We can aggregate over the entire queried interval by default:

q = otp.DataSource('US_COMP_SAMPLE', tick_type='TRD')
q = q[['PRICE', 'SIZE', 'COND', 'EXCHANGE']]
q = q.agg({
    'volume': otp.agg.sum('SIZE'),
    'vwap': otp.agg.vwap('PRICE', 'SIZE'),
    'count': otp.agg.count(),
})
otp.run(q, start=s, end=e, symbols=['AAPL'])

	Time	volume	vwap	count
0	2024-02-01 09:30:01	1349013	183.901435	579

Or over fixed buckets (aka bars or windows), for example 100 milliseconds buckets:

q = otp.DataSource('US_COMP_SAMPLE', tick_type='TRD')
q = q[['PRICE', 'SIZE', 'COND', 'EXCHANGE']]
q = q.agg({
    'volume': otp.agg.sum('SIZE'),
    'vwap': otp.agg.vwap('PRICE', 'SIZE')
}, bucket_interval=.1)
otp.run(q, start=s, end=e, symbols=['AAPL'])

	Time	volume	vwap
0	2024-02-01 09:30:00.100	11967	183.968874
1	2024-02-01 09:30:00.200	3182	183.898847
2	2024-02-01 09:30:00.300	2178	183.903108
3	2024-02-01 09:30:00.400	1849	183.919567
4	2024-02-01 09:30:00.500	2595	183.890730
5	2024-02-01 09:30:00.600	1306428	183.900126
6	2024-02-01 09:30:00.700	14454	183.946954
7	2024-02-01 09:30:00.800	5586	183.942992
8	2024-02-01 09:30:00.900	253	183.925455
9	2024-02-01 09:30:01.000	521	183.910768

Or over a sliding window:

q = otp.DataSource('US_COMP_SAMPLE', tick_type='TRD')
q = q[['PRICE', 'SIZE', 'COND', 'EXCHANGE']]
q = q.agg({
    'volume': otp.agg.sum('SIZE'),
    'vwap': otp.agg.vwap('PRICE', 'SIZE')
}, bucket_interval=.1, running=True)
otp.run(q, start=s, end=e, symbols=['AAPL'])

	Time	volume	vwap
0	2024-02-01 09:30:00.000961260	302	184.010000
1	2024-02-01 09:30:00.000961491	402	184.007512
2	2024-02-01 09:30:00.000961701	403	184.007494
3	2024-02-01 09:30:00.000973163	404	184.007475
4	2024-02-01 09:30:00.000973355	409	184.007384
...	...	...	...
1127	2024-02-01 09:30:00.994112863	520	183.910846
1128	2024-02-01 09:30:00.995240159	518	183.910695
1129	2024-02-01 09:30:00.996512511	523	183.910918
1130	2024-02-01 09:30:00.996556050	522	183.910843
1131	2024-02-01 09:30:00.997939525	521	183.910768

1132 rows × 3 columns

Note that the number of output ticks is more than the number of trades. This is due to the output tick being created not only when each input tick enters the window but also when it drops out.

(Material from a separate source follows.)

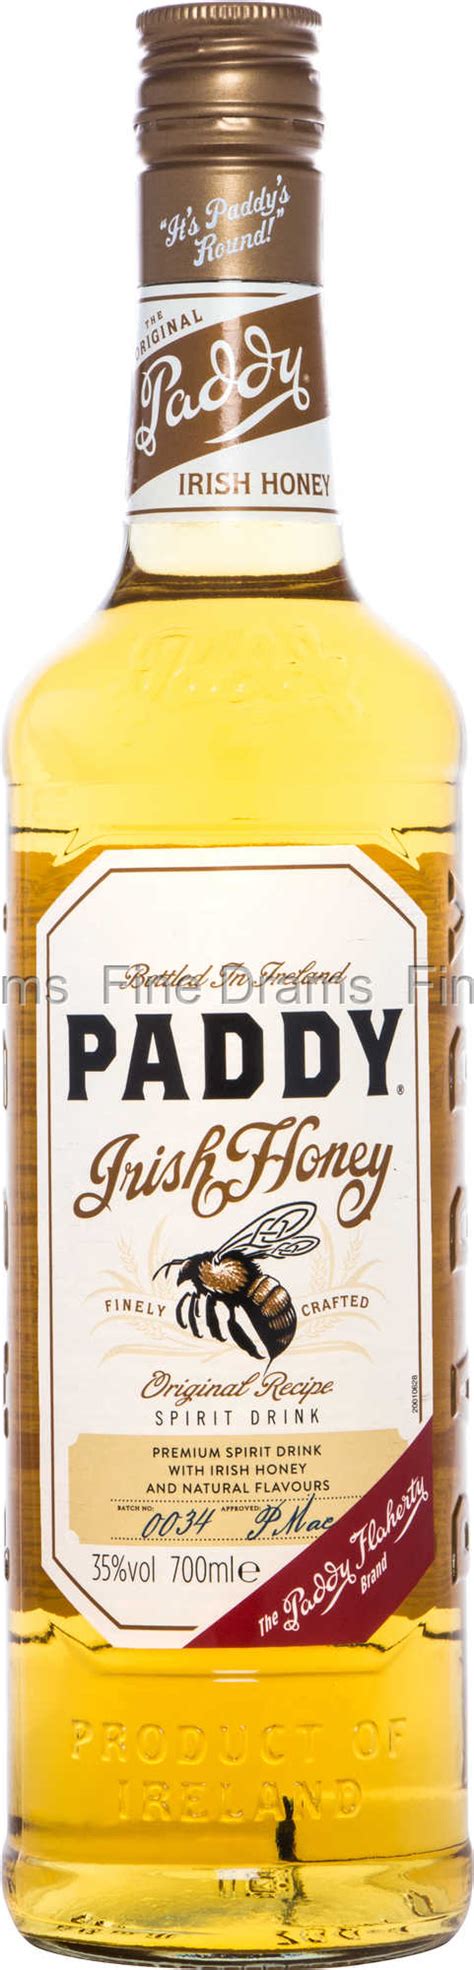 Paddy Irish Honey Whisky
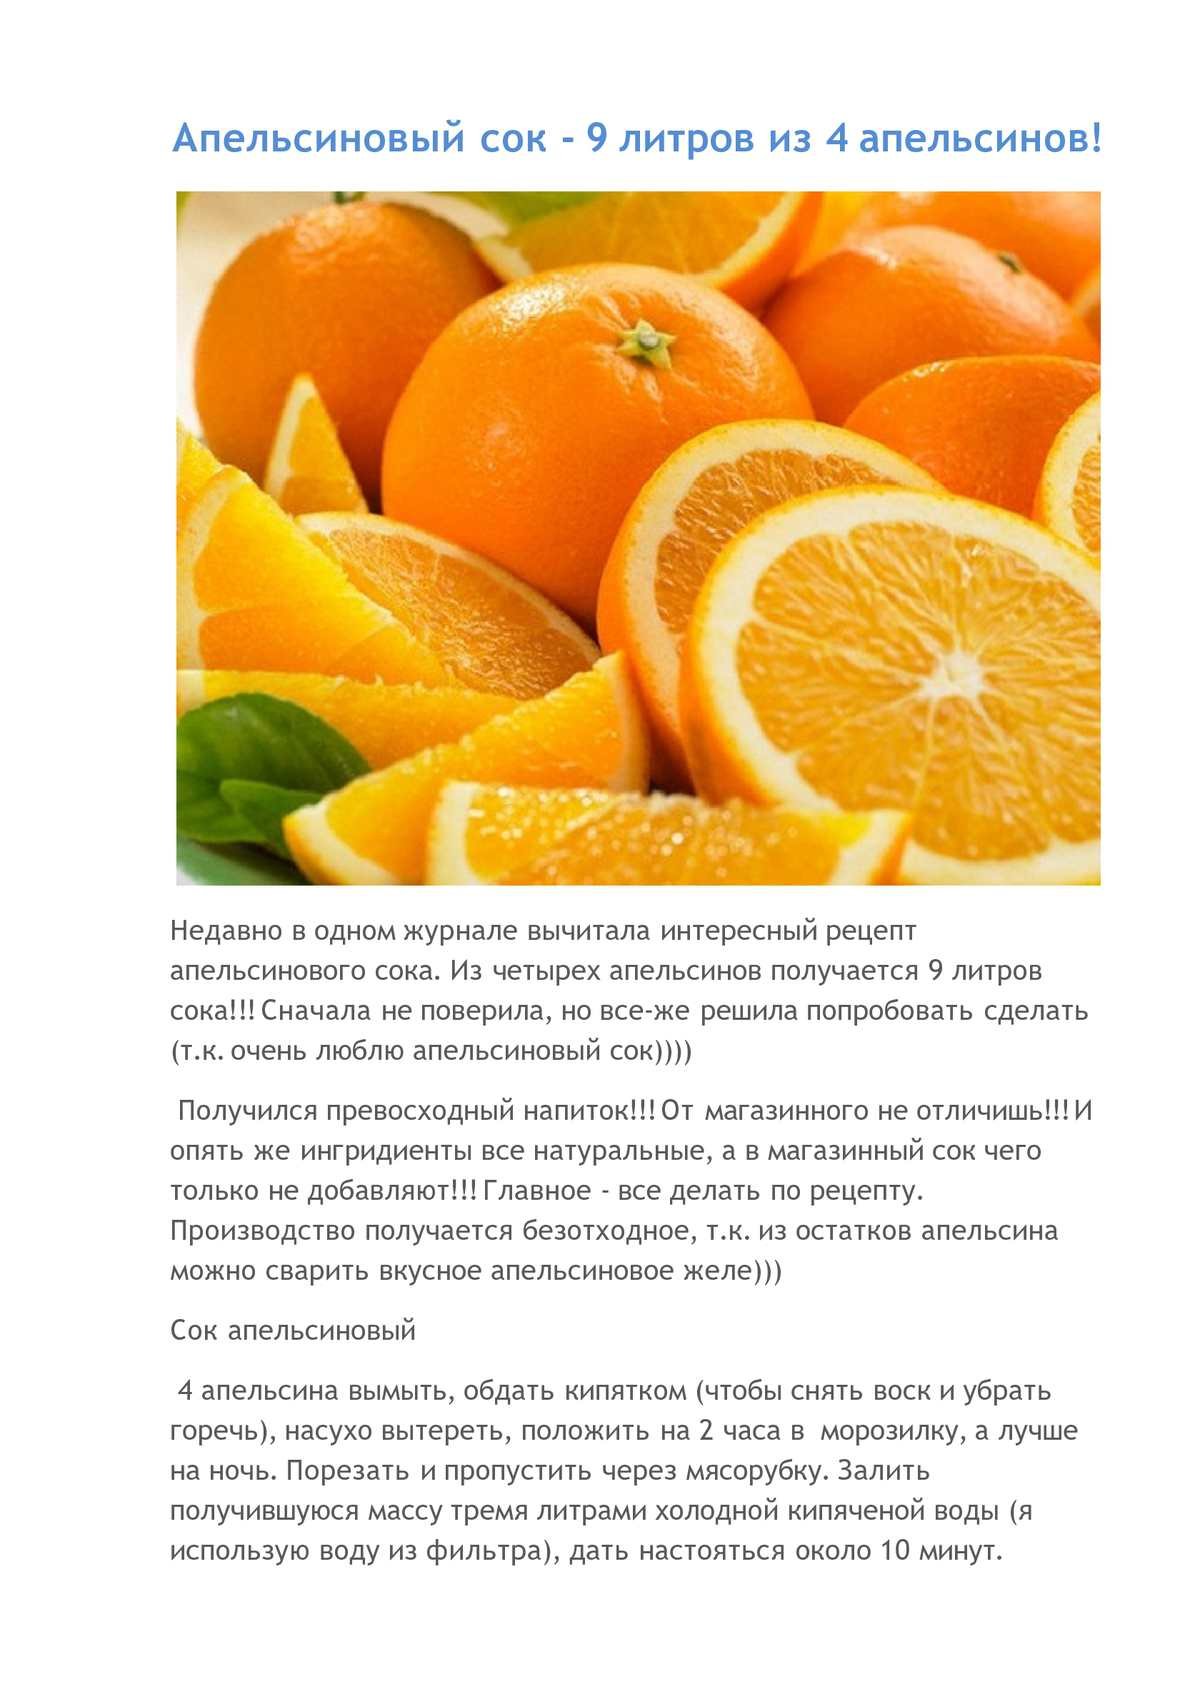 Рецепт: Апельсиновый сок - Знаменитый напиток

We can display all fields of the incoming tick along with the current values of the sliding window metrics.

q = otp.DataSource('US_COMP_SAMPLE', tick_type='TRD')
q = q[['PRICE', 'SIZE', 'COND', 'EXCHANGE']]
q = q.agg({
    'volume': otp.agg.sum('SIZE'),
    'vwap': otp.agg.vwap('PRICE', 'SIZE')
}, bucket_interval=.1, running=True, all_fields=True)
otp.run(q, start=s, end=e, symbols=['AAPL'])

	Time	PRICE	SIZE	COND	EXCHANGE	volume	vwap
0	2024-02-01 09:30:00.000961260	184.010	302	@FT	P	302	184.010000
1	2024-02-01 09:30:00.000961491	184.000	100	@FT	P	402	184.007512
2	2024-02-01 09:30:00.000961701	184.000	1	@FTI	P	403	184.007494
3	2024-02-01 09:30:00.000973163	184.000	1	@FTI	P	404	184.007475
4	2024-02-01 09:30:00.000973355	184.000	5	@FTI	P	409	184.007384
...	...	...	...	...	...	...	...
574	2024-02-01 09:30:00.987184691	183.900	9	@F I	K	249	183.921265
575	2024-02-01 09:30:00.990378350	183.920	1	@ I	D	226	183.919447
576	2024-02-01 09:30:00.991941892	183.935	1	@ I	D	221	183.918959
577	2024-02-01 09:30:00.993785116	183.905	300	@	D	521	183.910921
578	2024-02-01 09:30:00.996512511	183.934	5	@ I	D	523	183.910918

579 rows × 7 columns

In this case, we are back to the same number of ticks as the number trades as an output tick is only created on arrival of an input tick.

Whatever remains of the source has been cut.